# Seiko Titanium Strap 5M62



## m1n1man (Feb 7, 2010)

Hi there

can anyone advise me where I can buy a new titanium watch strap/bracelet for a seiko titanium 5M62 0AM0. The only markings I can see on the strap are 33 H8.K.I The original one clearly has a design fault!!

Ian


----------



## SEIKO7A38 (Feb 12, 2009)

m1n1man said:


> Can anyone advise me where I can buy a new titanium watch strap/bracelet for a seiko titanium 5M62 0AM0.


So your 5M62-0AMO is one of these 2 versions ?



















m1n1man said:


> The only markings I can see on the strap are 33 H8.K.I


If so, then the Seiko part number for a replacement bracelet is *33H8WM*.

Seiko Australia (whose database I got the information from) are showing 'in stock', so they're still available.

You could try ordering from Seiko in UK (waste of a phone call, IMHO  )....

Or go through one of the Oz wholesale Seiko distributors, like Smith & Smith: http://www.smithnsmith.com.au/


----------



## m1n1man (Feb 7, 2010)

SEIKO7A38Fan said:


> m1n1man said:
> 
> 
> > Can anyone advise me where I can buy a new titanium watch strap/bracelet for a seiko titanium 5M62 0AM0.
> ...


----------



## m1n1man (Feb 7, 2010)

m1n1man said:


> SEIKO7A38Fan said:
> 
> 
> > m1n1man said:
> ...


Thanks for your help. I will try the options you have suggested. In the meantime I have identified an American company who appear to have the strap at $79 plus postage is that about correct?
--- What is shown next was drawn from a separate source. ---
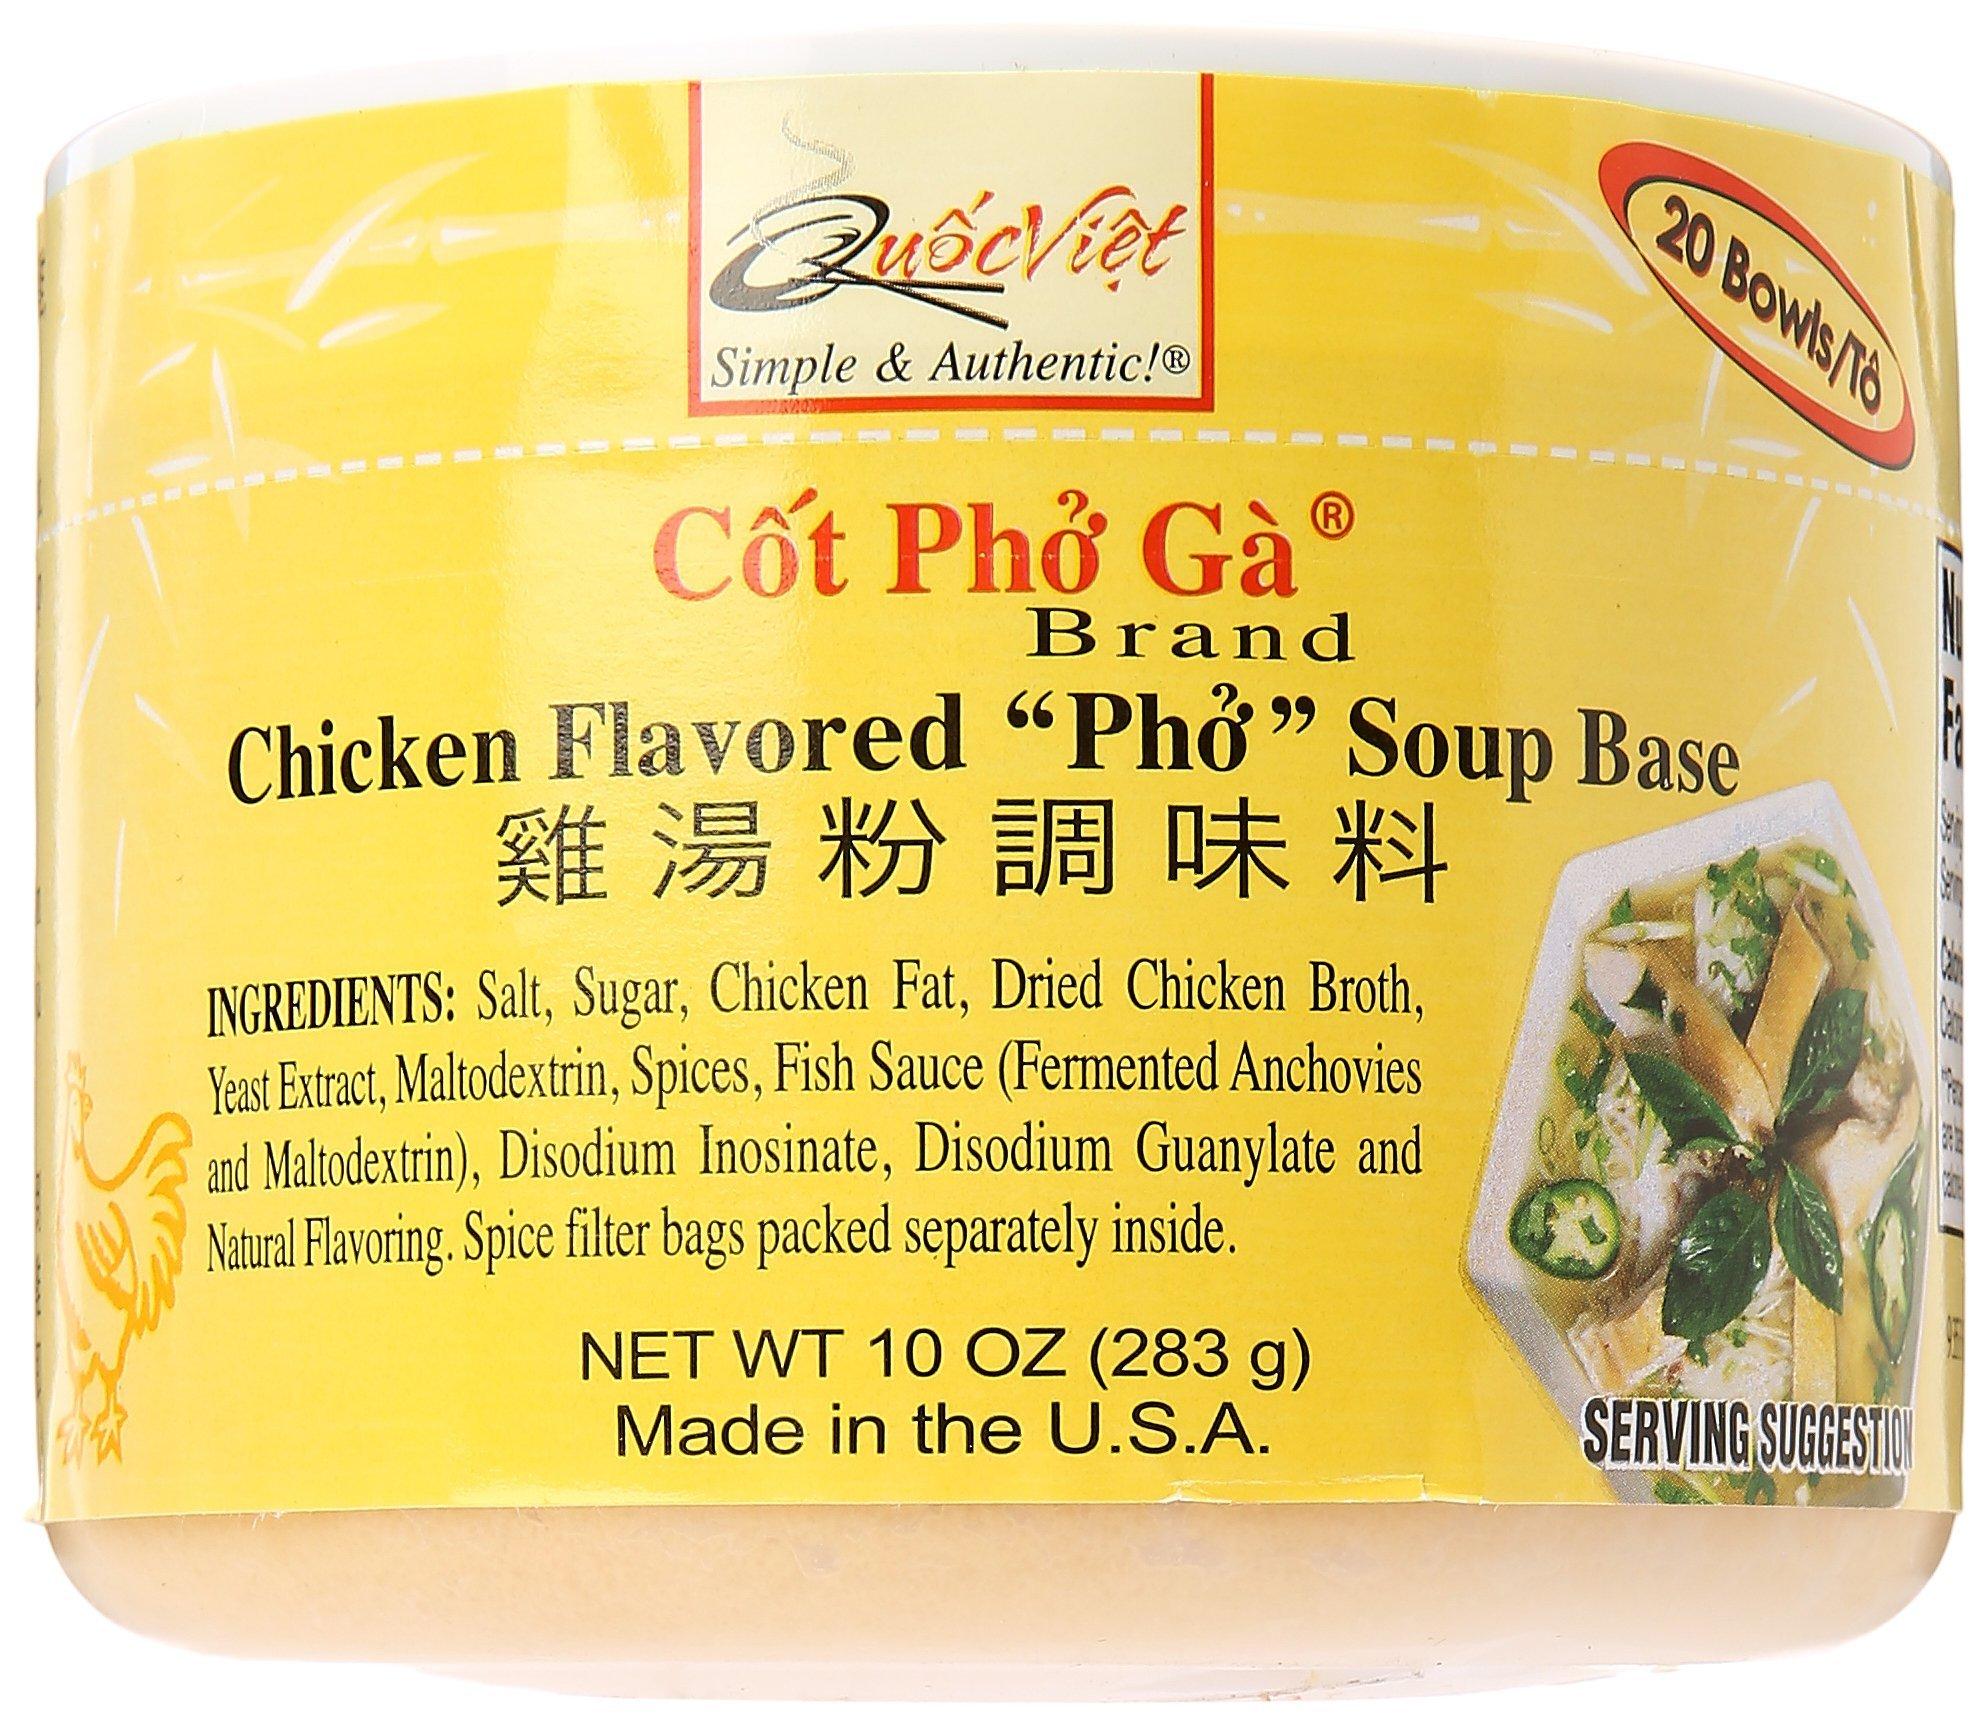 10oz Quoc Viet Foods Chicken Flavored Pho Soup Base (Cot Pho Ga) - One de87182aede
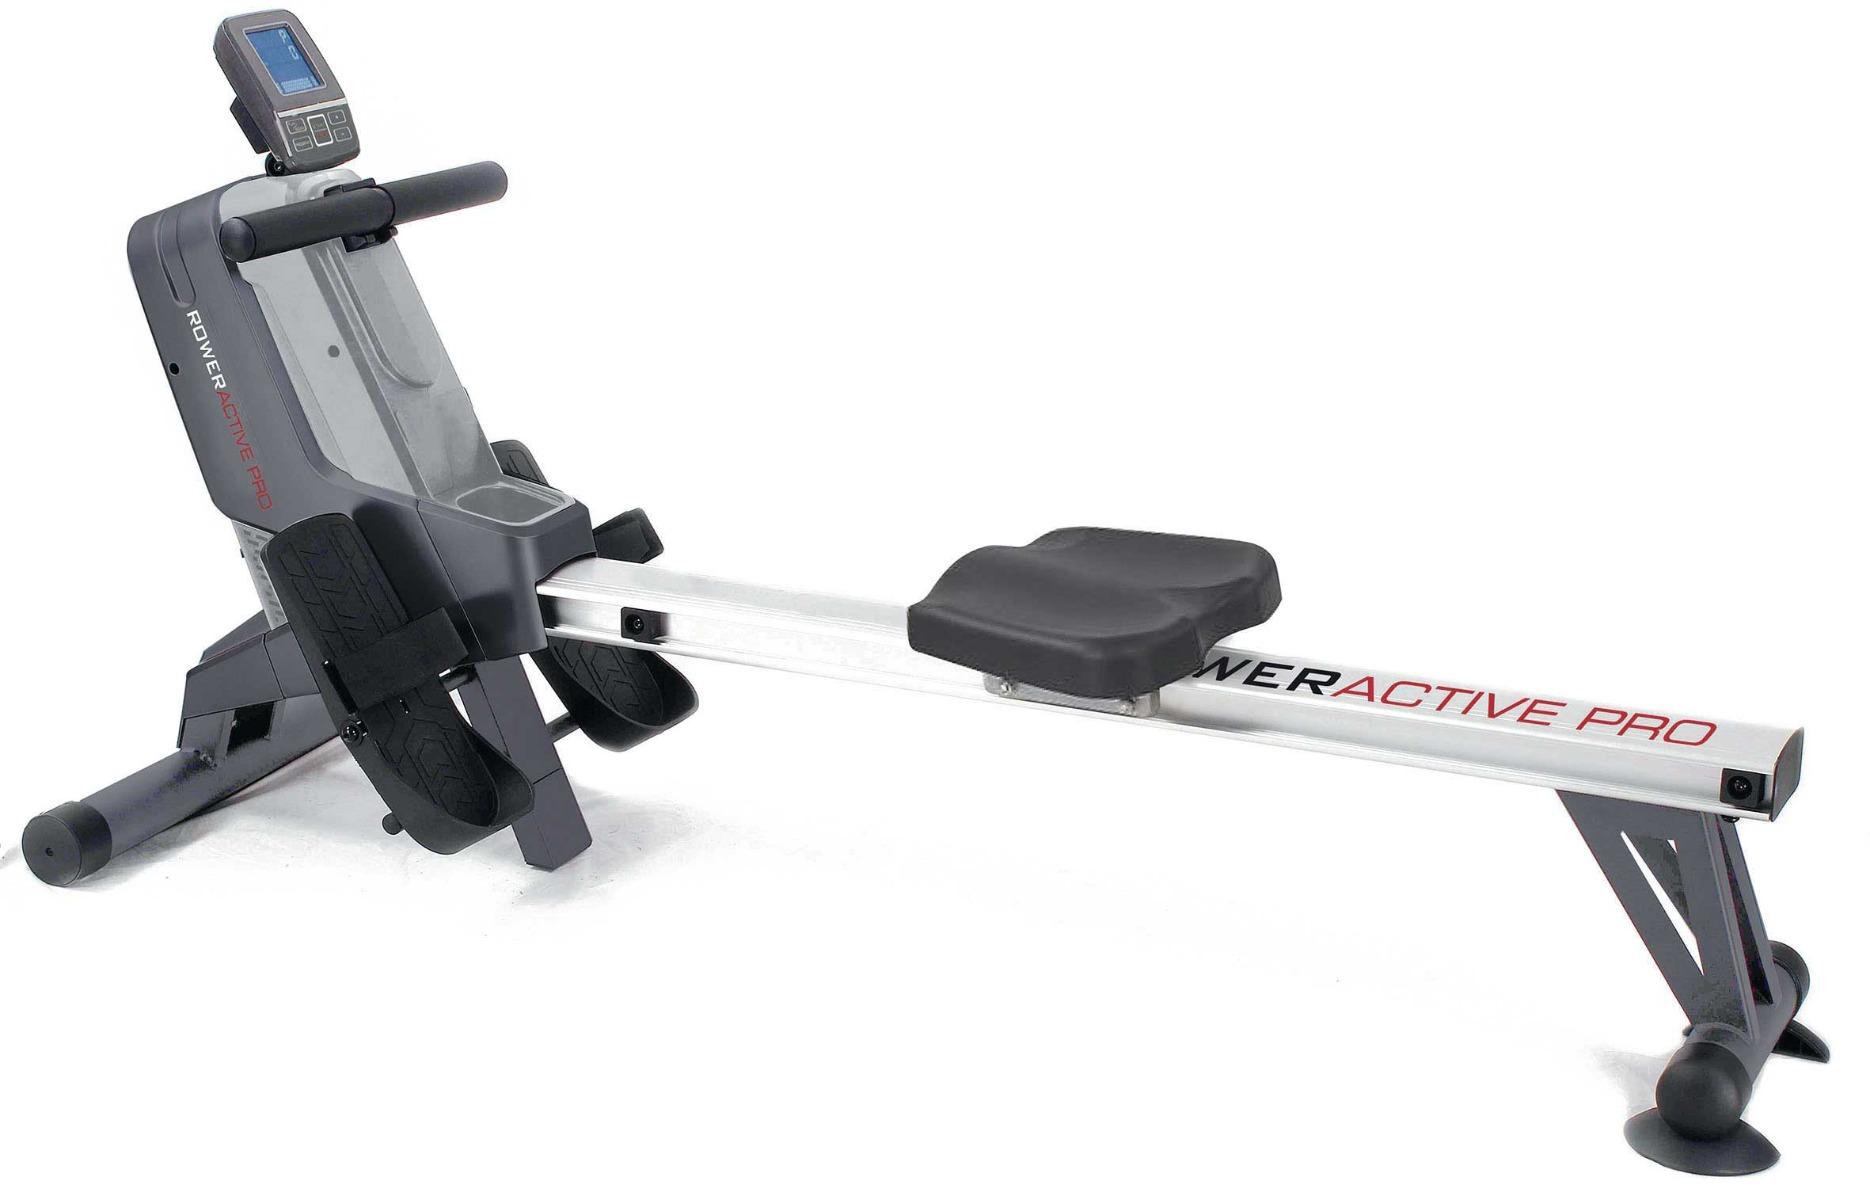 011_rower-active-pro.jpg

It is only the clasp mechanism I am after is it possible to buy that seperately in the Uk to avoid heavy postal costs/

Ian


----------



## SEIKO7A38 (Feb 12, 2009)

m1n1man said:


> > If so, then the Seiko part number for a replacement bracelet is *33H8WM*.
> 
> 
> *It is only the clasp mechanism I am after* is it possible to buy that seperately in the UK to avoid heavy postal costs.


You should have said that in the first place. 

The Seiko p/n for the clasp assembly (described simply as 'Buckle') is *33H8WM-BK*.

Again, Seiko Australia are showing this p/n in stock.

Alternatively, if you're not bothered about originality ....

Cousins UK offer a range of generic (unbranded) bracelet clasps - in both Stainless and Titanium, in many widths and styles.

See: http://www.cousinsuk.com/catalog/10/0/1999.aspx

You could adapt one of them (involving a little work with a jeweller's file or Dremel moto-tool) to make it fit your bracelet.


----------